The rapid development of Ultra-Violet Induced Fluorescence (UV-LIF) instruments such as the Wideband Integrated Bioaerosol Sensor (WIBS) – and others for atmospheric sampling has allowed for the collection of increasingly large datasets. It is therefore imperative to evaluate the performance of different algorithms for differentiating between Bacteria, Fungal Spores and Pollen for a wide range of aerobiology applications.
We apply Hierarchical Cluster Analysis (HCA), an unsupervised method and Gradient Boosting (GB), a supervised method, to two randomly generated datasets; a dataset consisting of five PSLs and a dataset with a variety of laboratory generated aerosol.
A possible limitation of the Calinski-Harabasz (CH) index for cluster selection is highlighted. We see that when attempting to analyse clusters which are sufficiently different in size the index frequently makes an incorrect conclusion as to the number of clusters. For bioaerosol, where we might expect the concentrations of bacteria to be much larger than fungal spores and pollen this is an important limitation that needs to be circumvented in future analysis.

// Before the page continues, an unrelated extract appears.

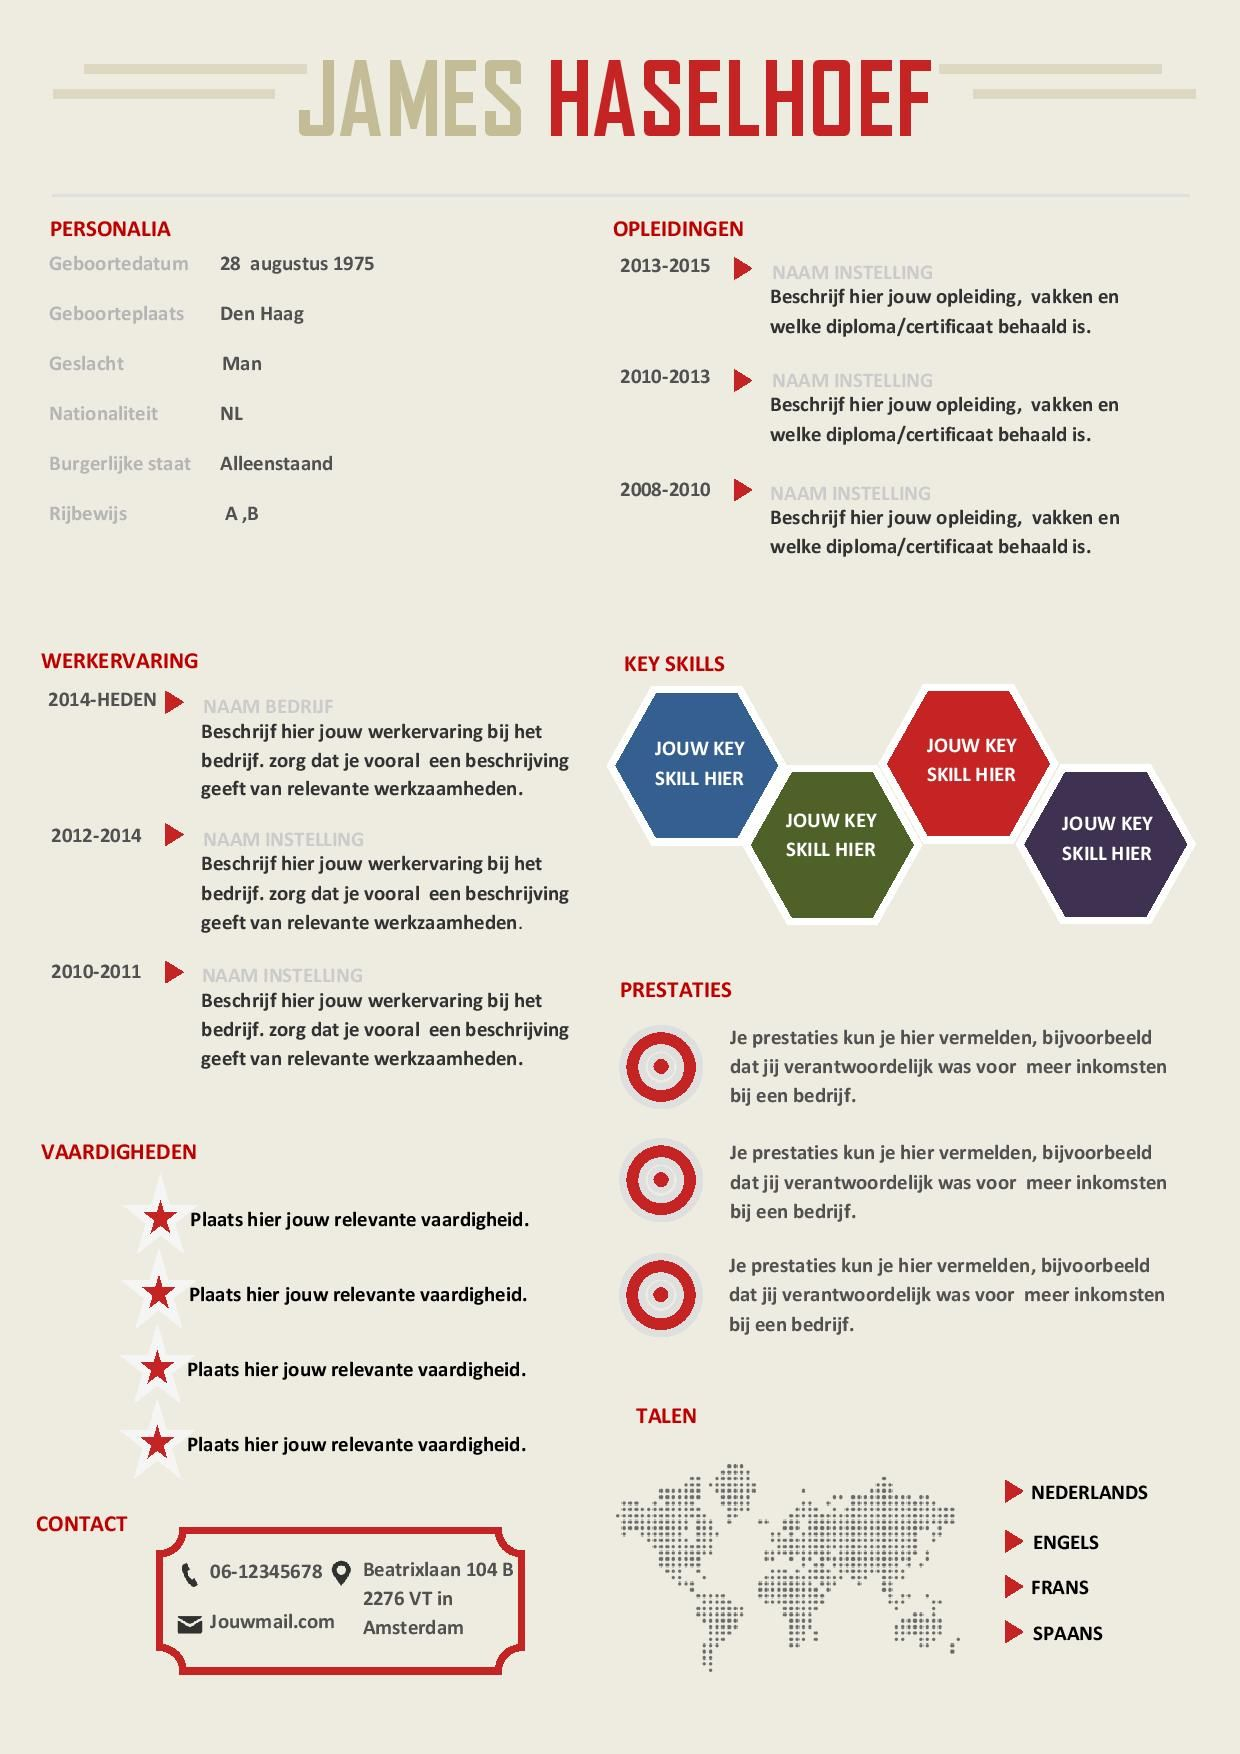 creatieve motivatiebrief Modern en creatief cv met motivatiebrief | Moderne Cv's en  creatieve motivatiebrief

We also see that common Aspen and Poplar Pollen samples, for example, could not effectively be differentiated from others, such as puffball samples, using GB. It is unclear whether this will be the case for other pollen samples. In the future more data will need to be collected, preferably with higher spectral resolution, to determine whether this issue will persist for a variety of samples.
Overall, GB yields correct classification of 99.0% and 94.4% for the PSLs and the laboratory generated aerosol respectively.